» Your assignment
Once the line containing "Адаптер для трубки 3,5 мм (раздаточной)" is found in the material below, it and every line after it should be transcribed exactly, with pictures left out and nothing added.

» Data block
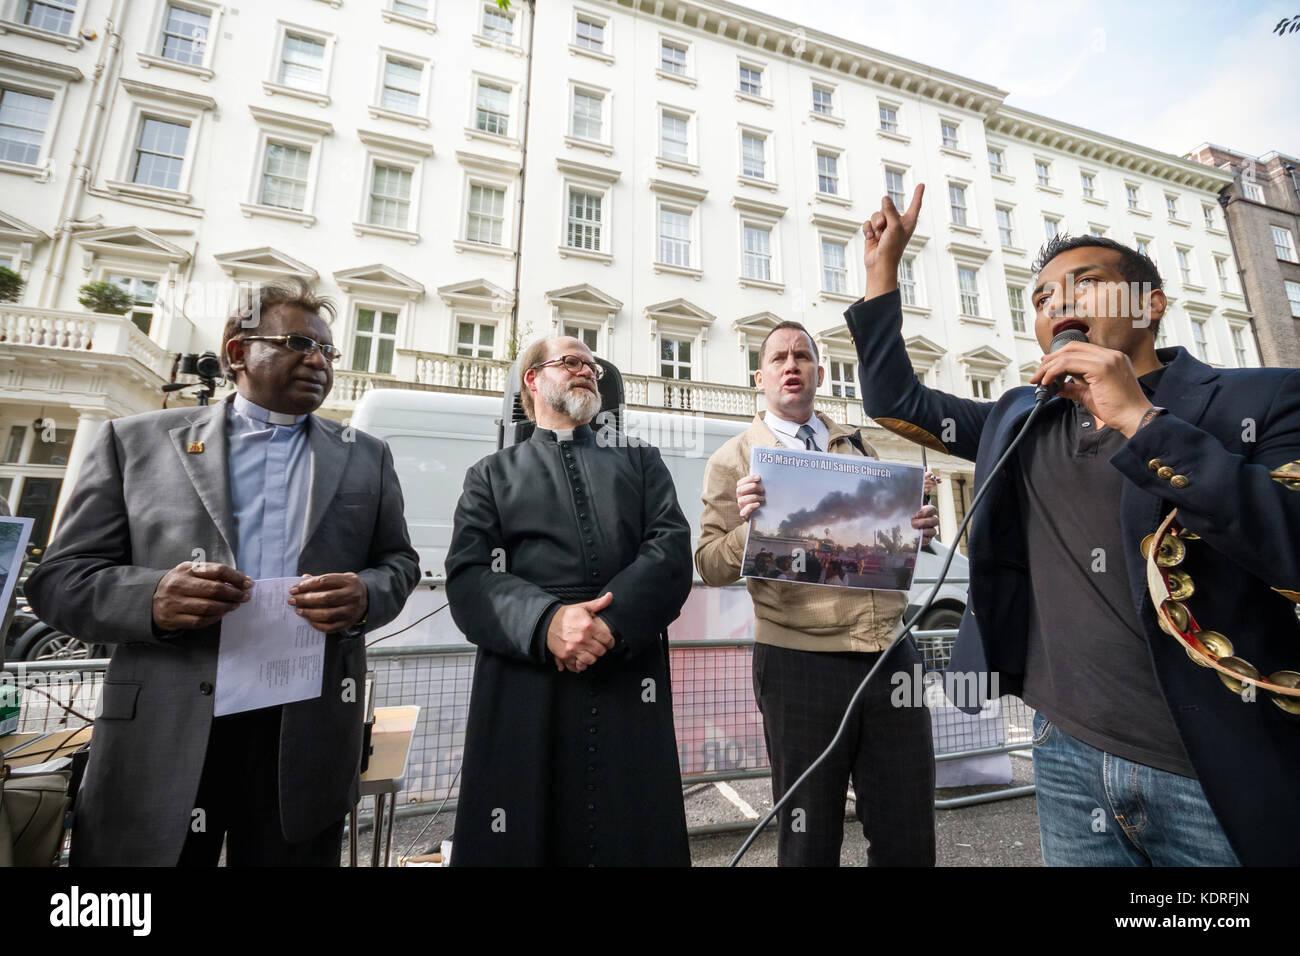 British Pakistani Christians protest outside High Commission of Pakistan in London, UK. - Stock Image
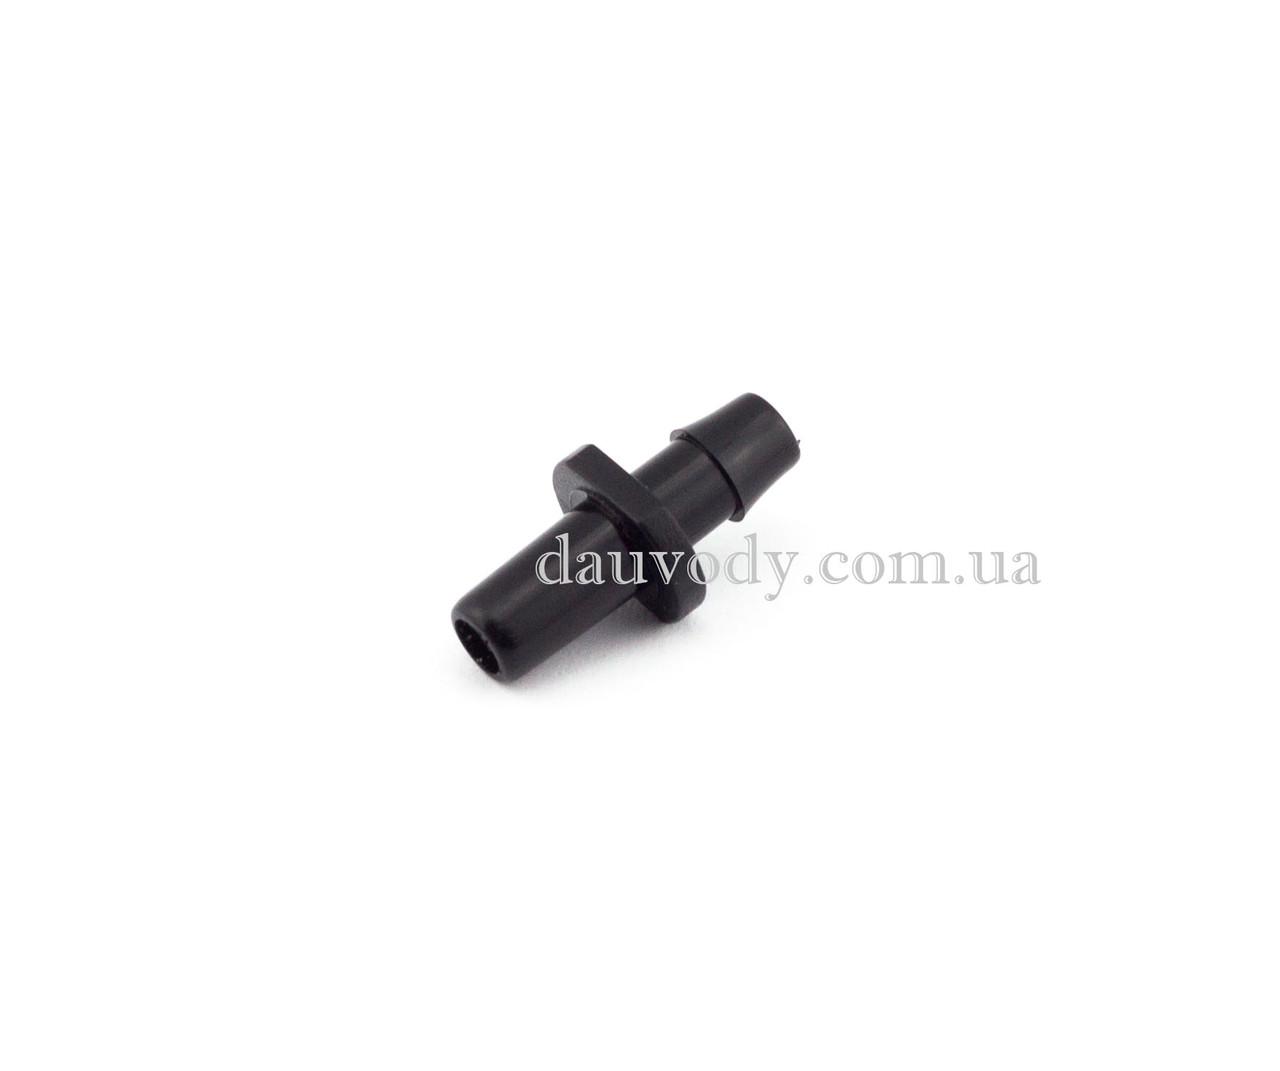 Адаптер для трубки 3,5 мм (раздаточной)
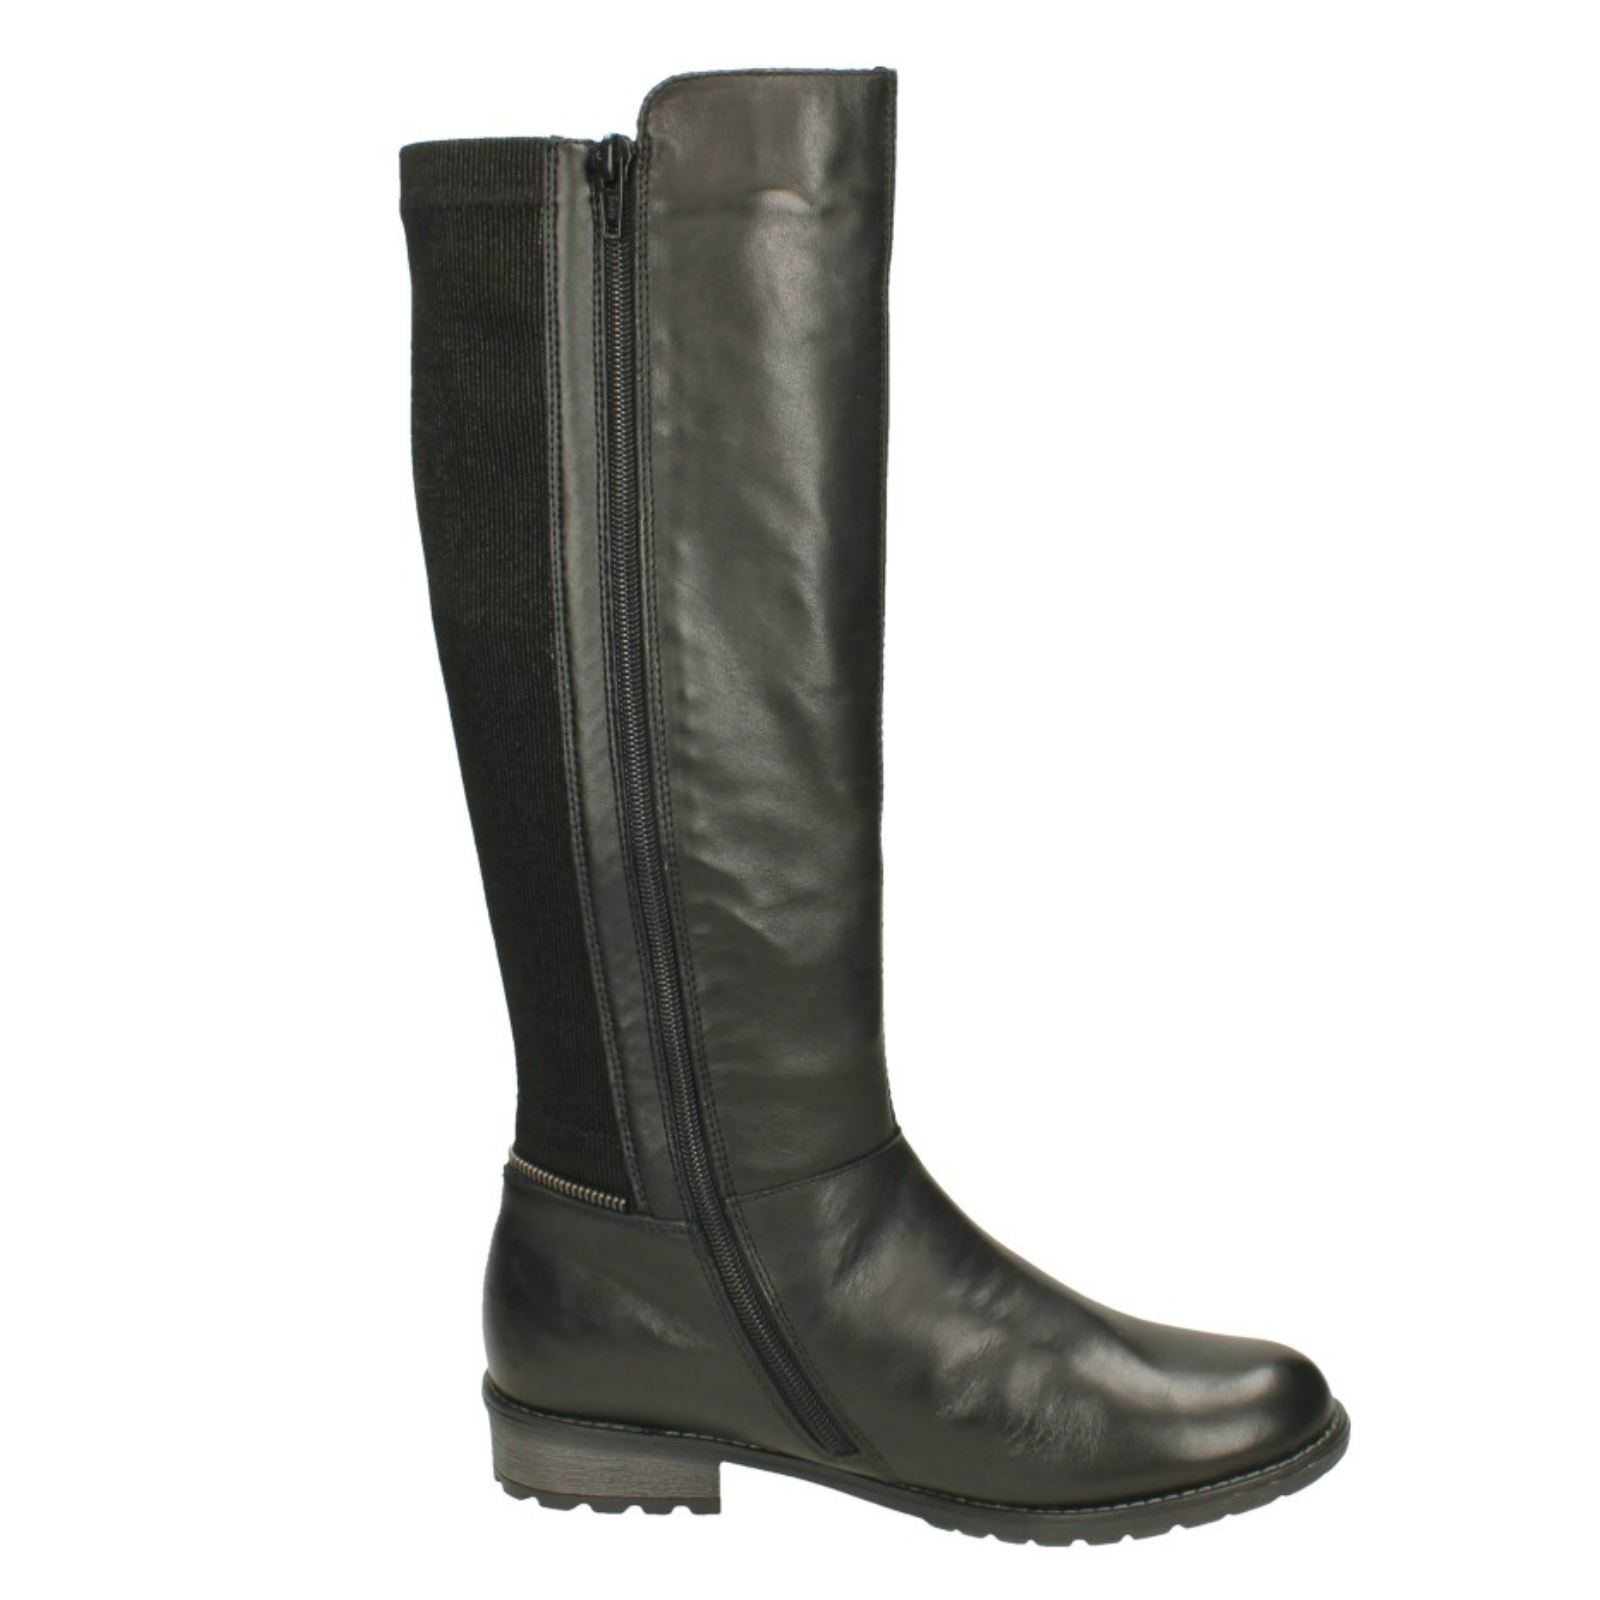 Larga señoras REMONTE REMONTE señoras botas R3325 426b37
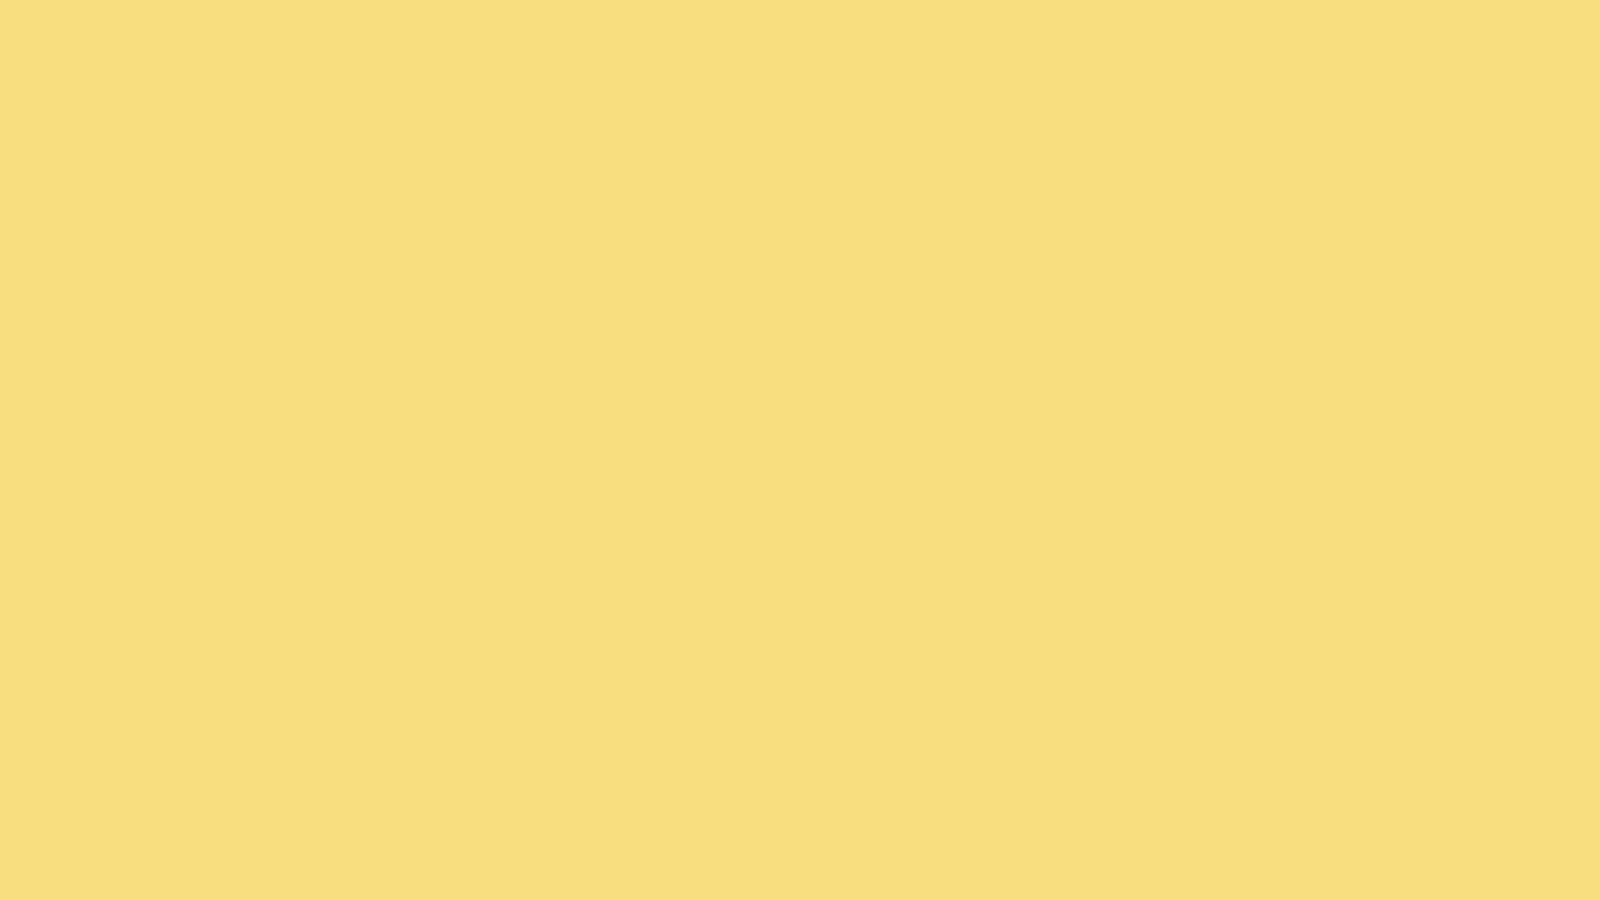 1600x900 Jasmine Solid Color Background

» Solution below
 Адаптер для трубки 3,5 мм (раздаточной)
 Larga señoras REMONTE REMONTE señoras botas R3325 426b37
 1600x900 Jasmine Solid Color Background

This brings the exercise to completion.